-------- MATERIAL PROVIDED
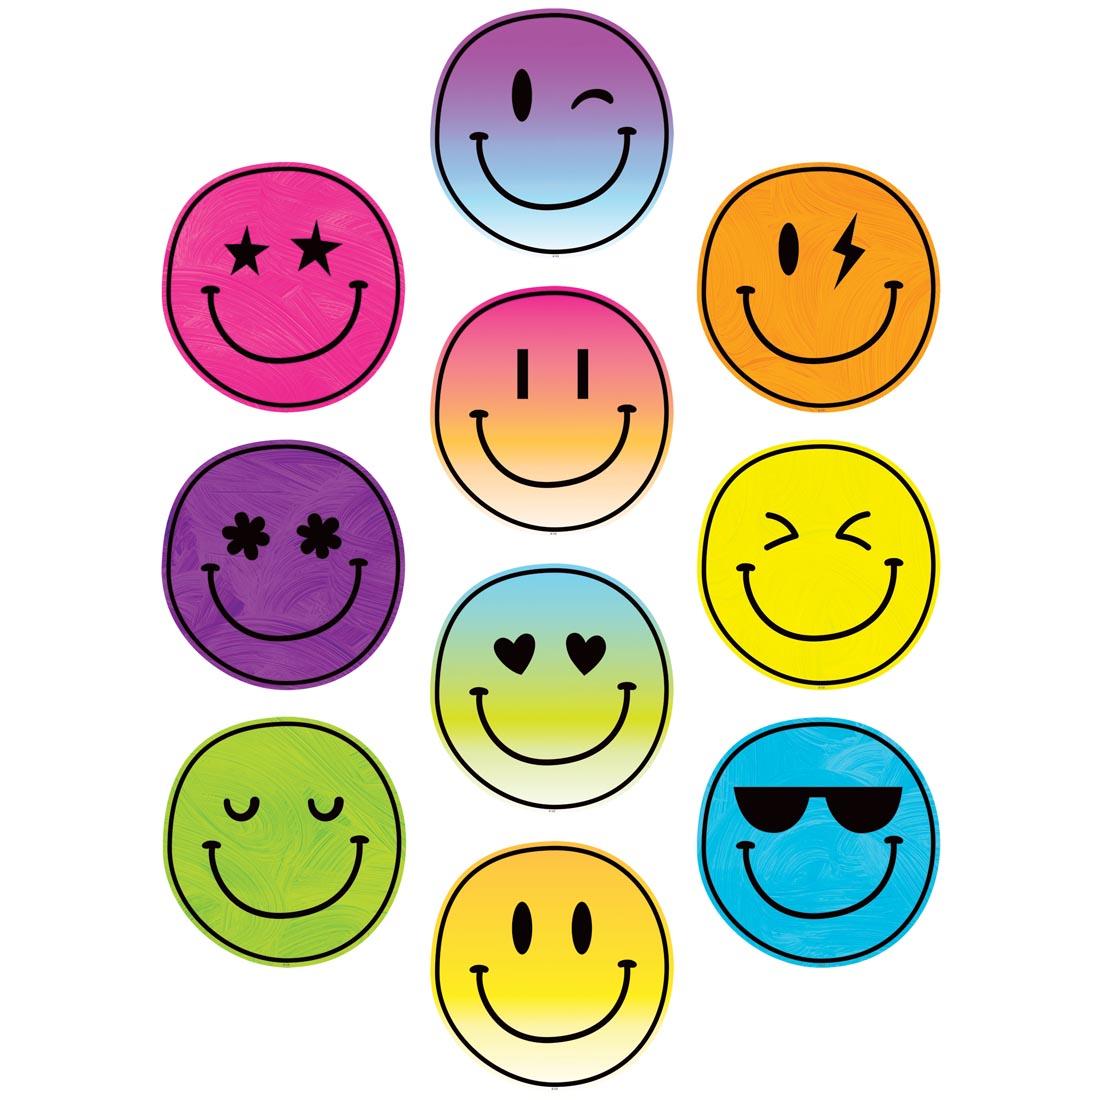 Smiley Faces Accents from the Brights 4Ever collection by Teacher Created Resources
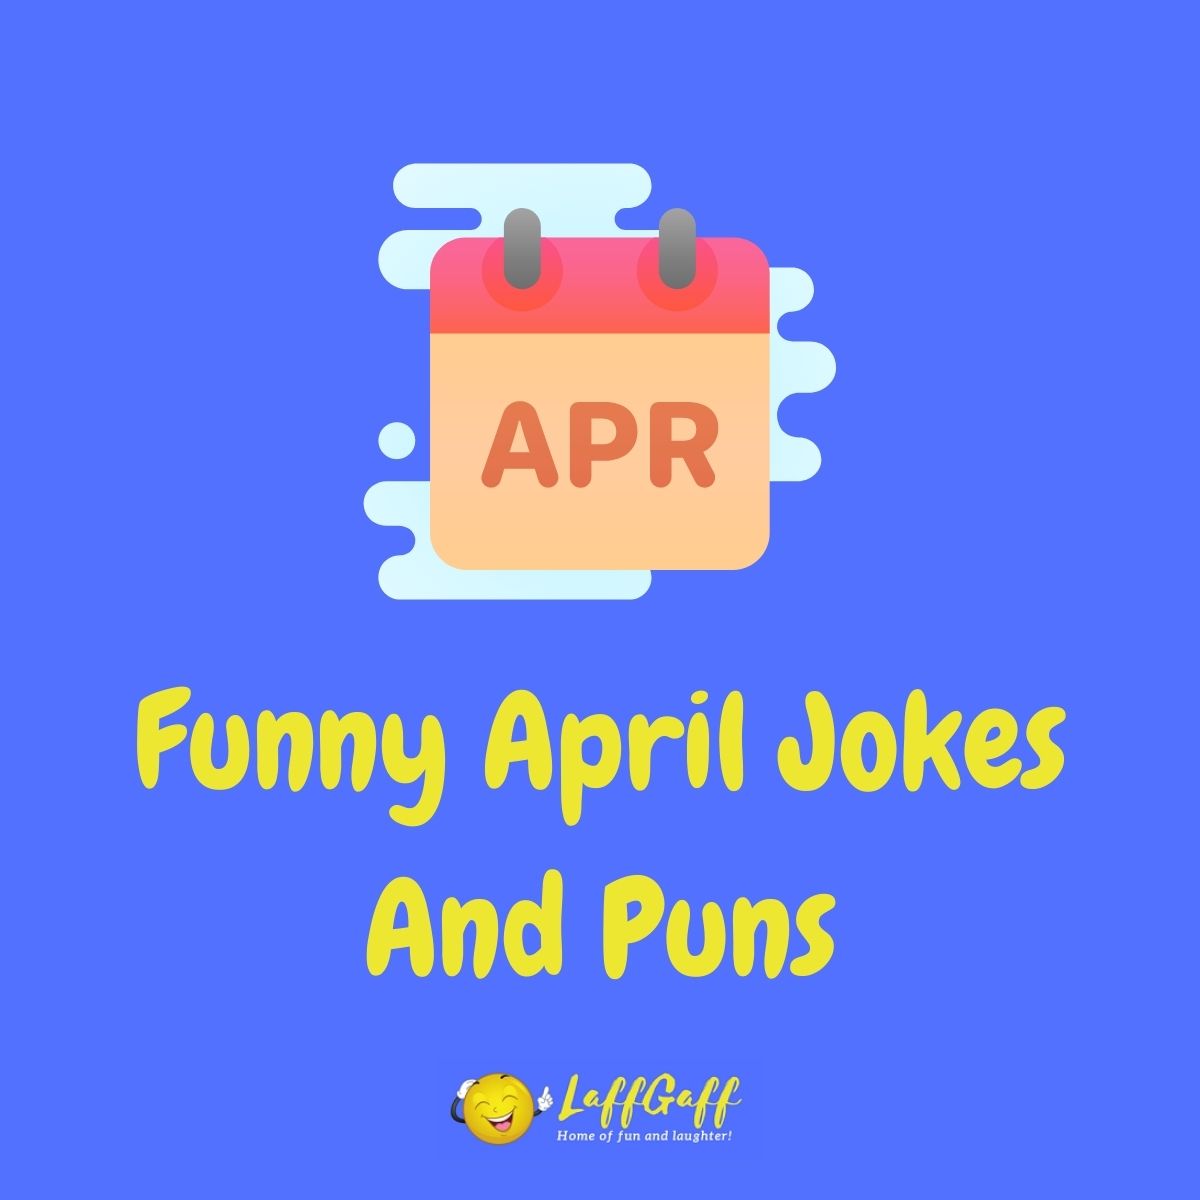 Featured image for a page of funny April jokes and puns.
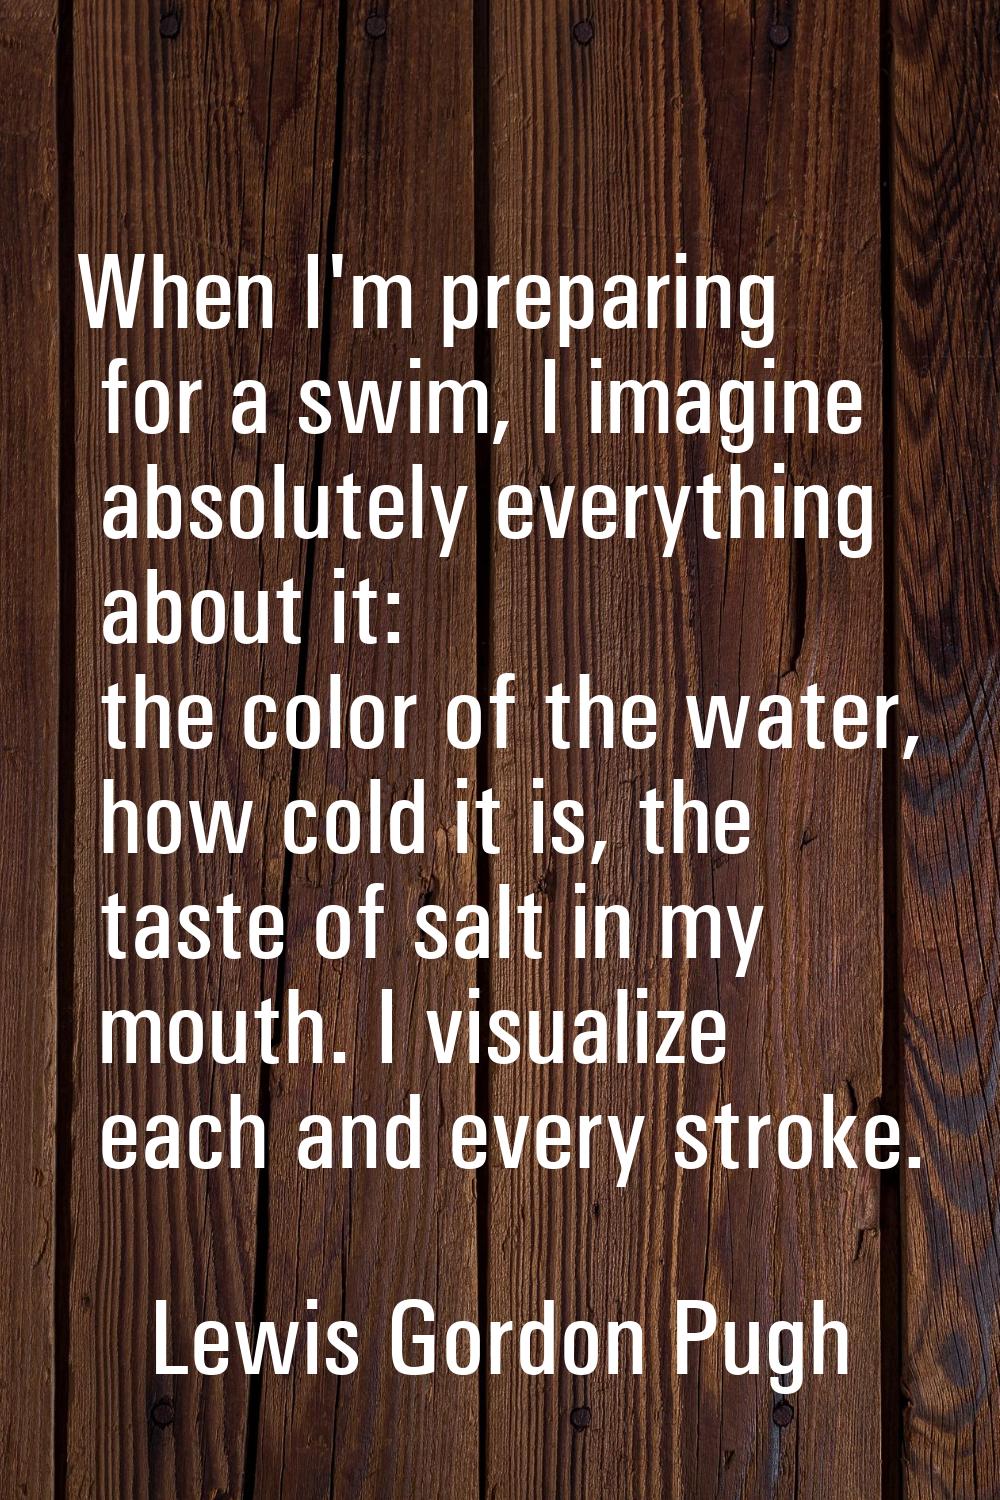 When I'm preparing for a swim, I imagine absolutely everything about it: the color of the water, ho
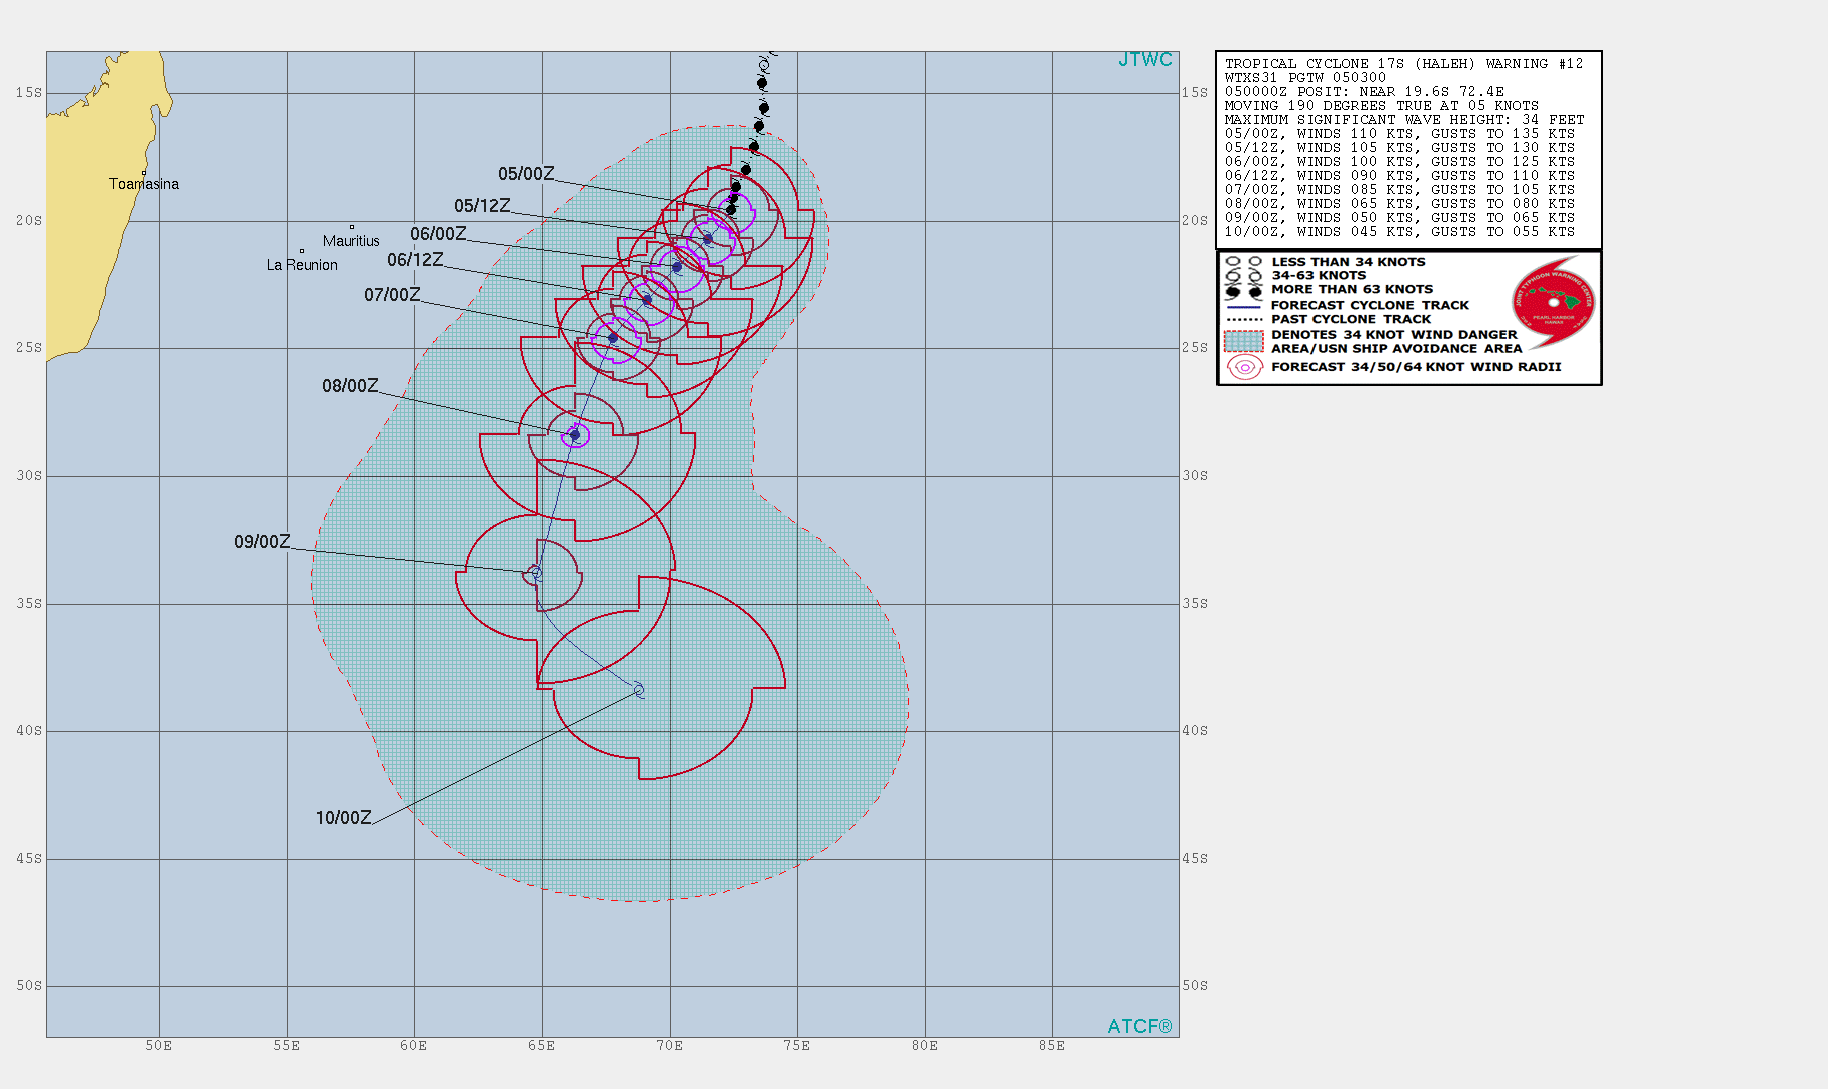 03UTC: TC HALEH(17S) has peaked, now a top category 3 US, forecast to weaken more rapidly after 24hours
----------------
## [EXERCISE INSTRUCTIONS]
Set out nothing but the lines from the line with "When I'm preparing" through the end of the material, reproduced exactly, both ends included, pictures omitted.

## [RESPONSE AREA]
 When I'm preparing for a swim, I imagine absolutely everything about it: the color of the water, ho
 03UTC: TC HALEH(17S) has peaked, now a top category 3 US, forecast to weaken more rapidly after 24hours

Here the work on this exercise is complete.